## Exercise
Please restate exactly the lines from the one holding "Вязаная шапка для" to the end of the material, including both ends and excluding every picture.

## Given information

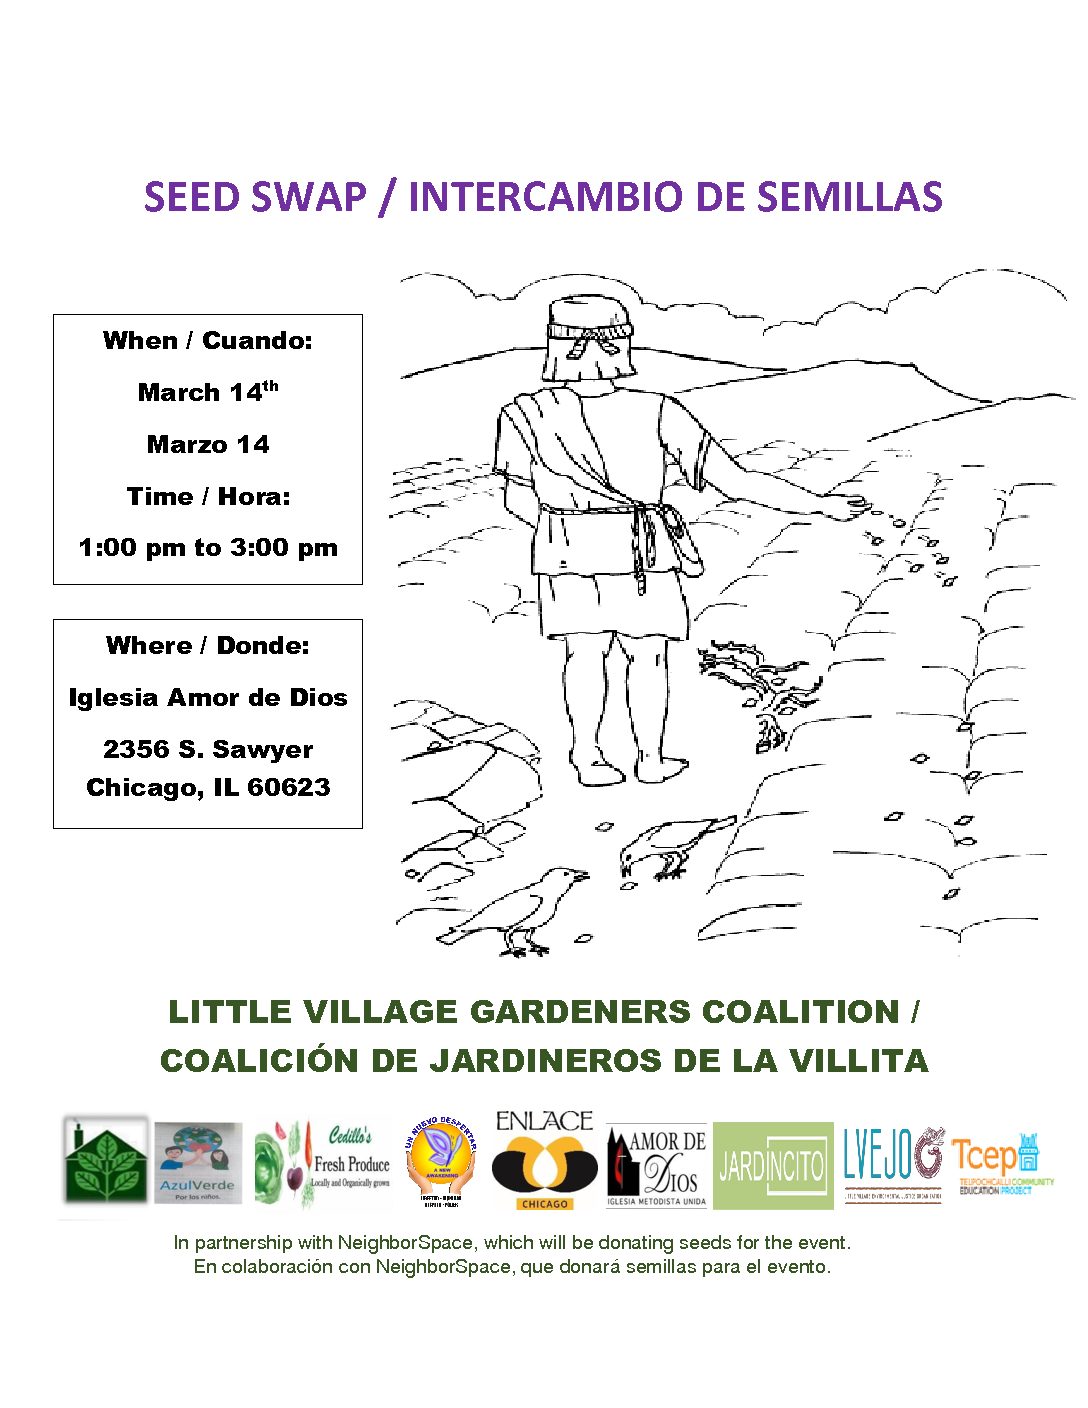 Little Village Gardeners Coalition Seed Swap / Coalicion de jardineros de la Villita Intercambio de Semillas
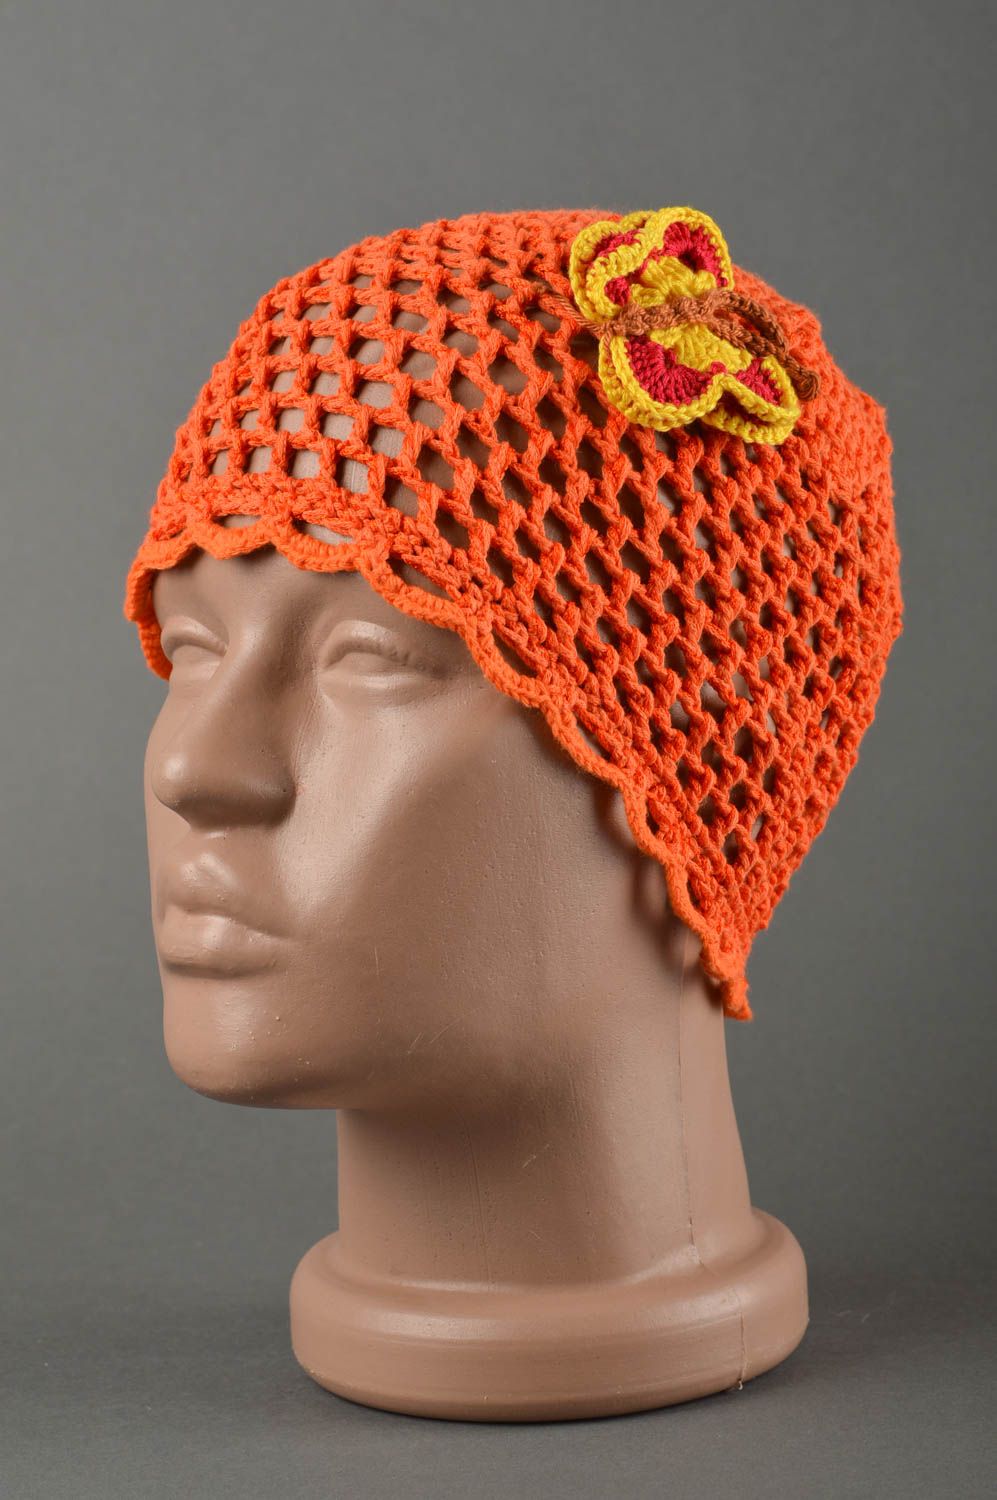 Вязаная шапка для детей хэндмэйд шапочка на девочку весенняя шапка оранжевая фото 1
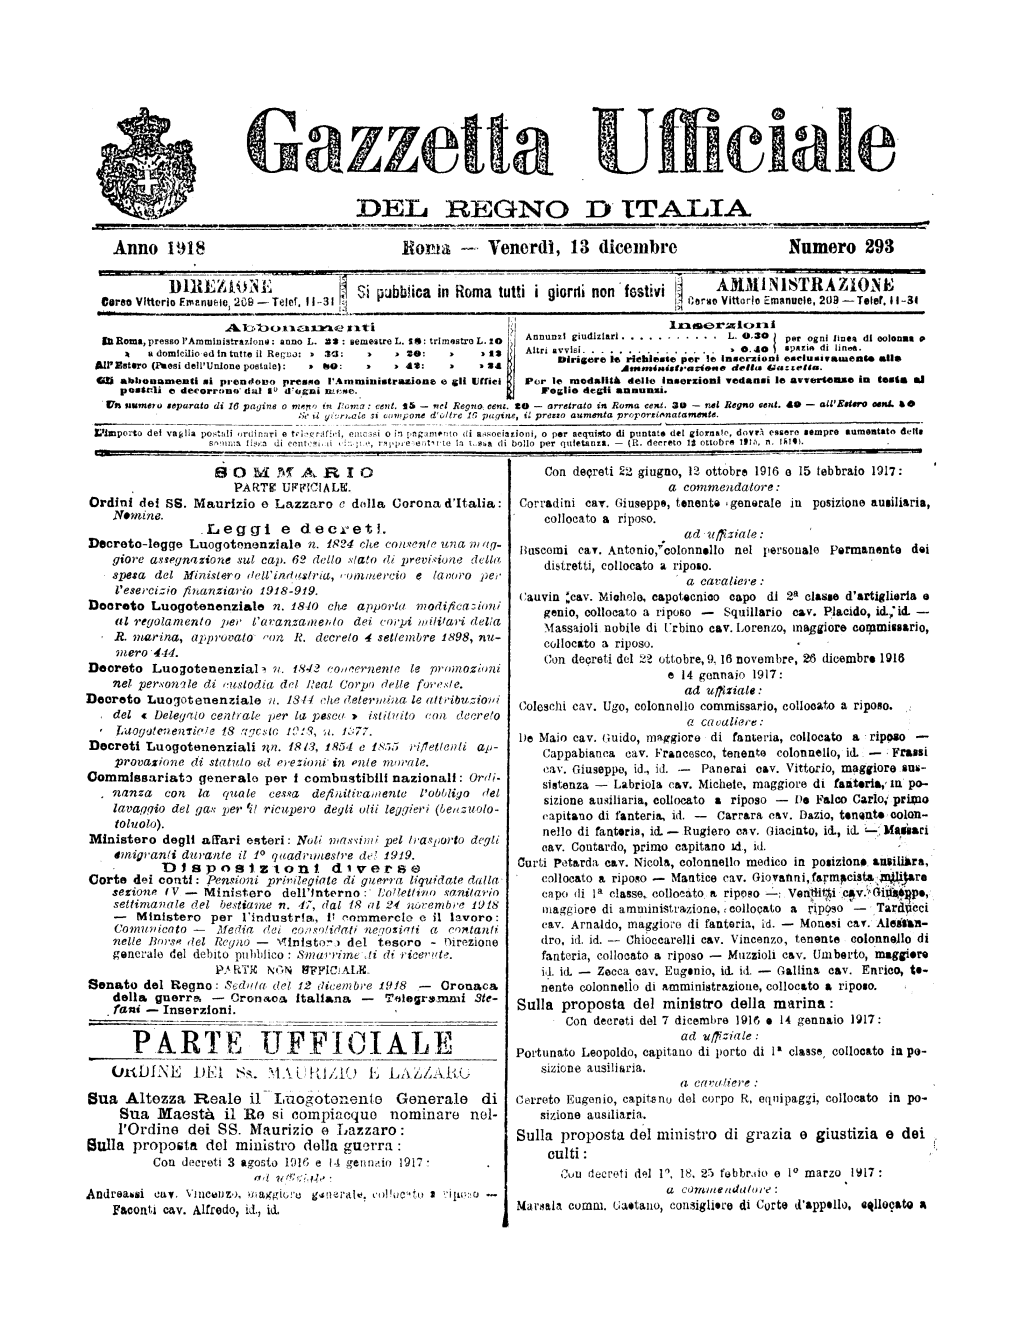 Gazzetta Ufficiale Del Regno D'italia N. 293 Del 13 Dicembre 1918 Parte Ufficiale E Parte Non Ufficiale
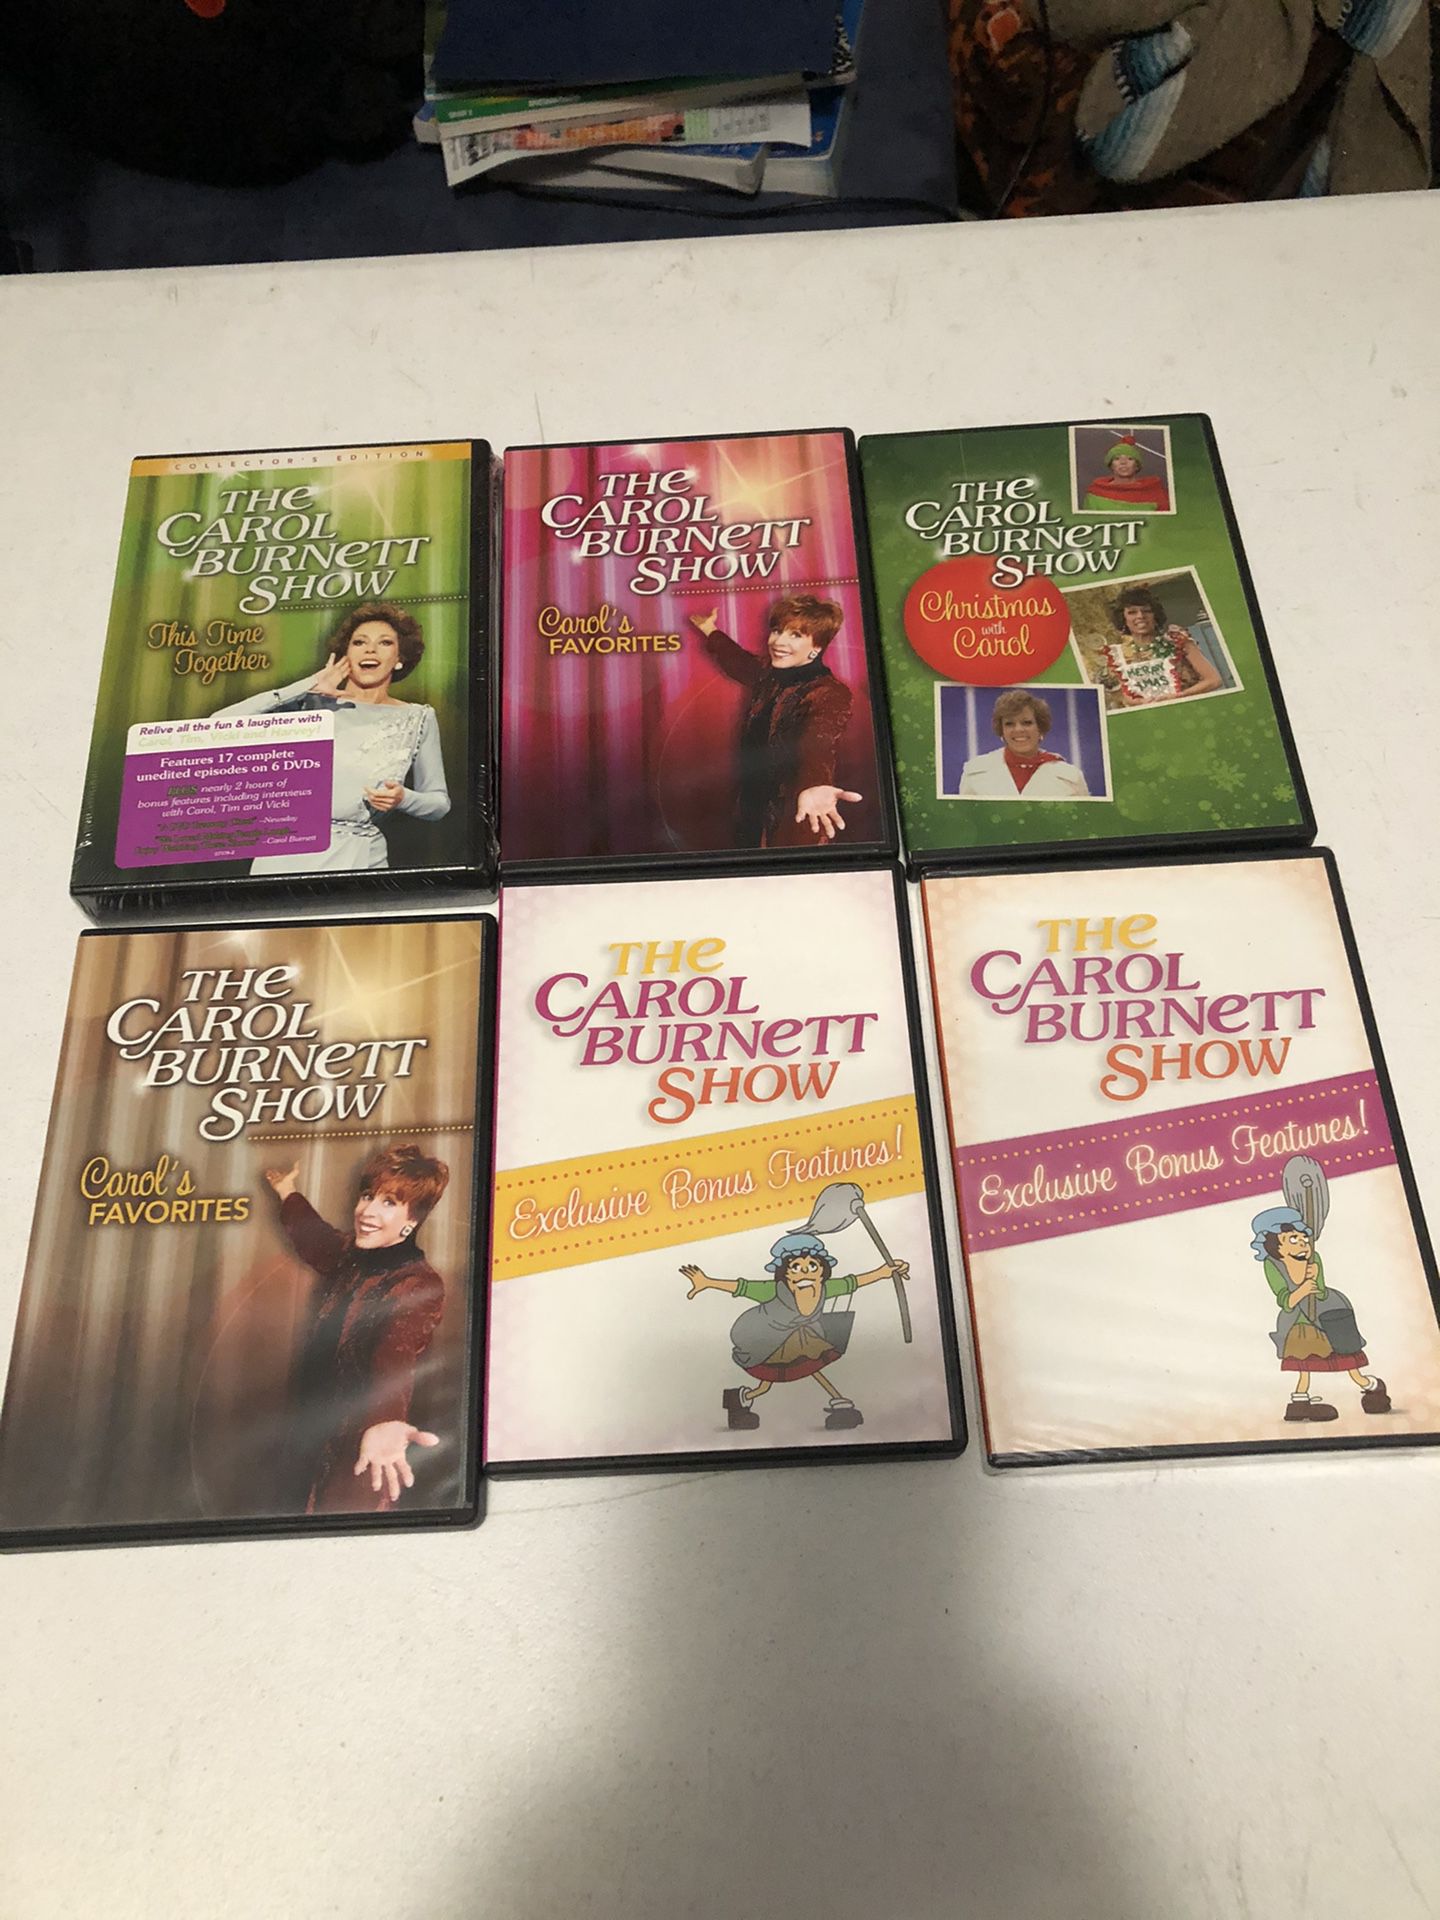 The Carol Burnett Show DVD’s

## Answer section
 Вязаная шапка для детей хэндмэйд шапочка на девочку весенняя шапка оранжевая фото 1
 Gazzetta Ufficiale Del Regno D'italia N. 293 Del 13 Dicembre 1918 Parte Ufficiale E Parte Non Ufficiale
 The Carol Burnett Show DVD’s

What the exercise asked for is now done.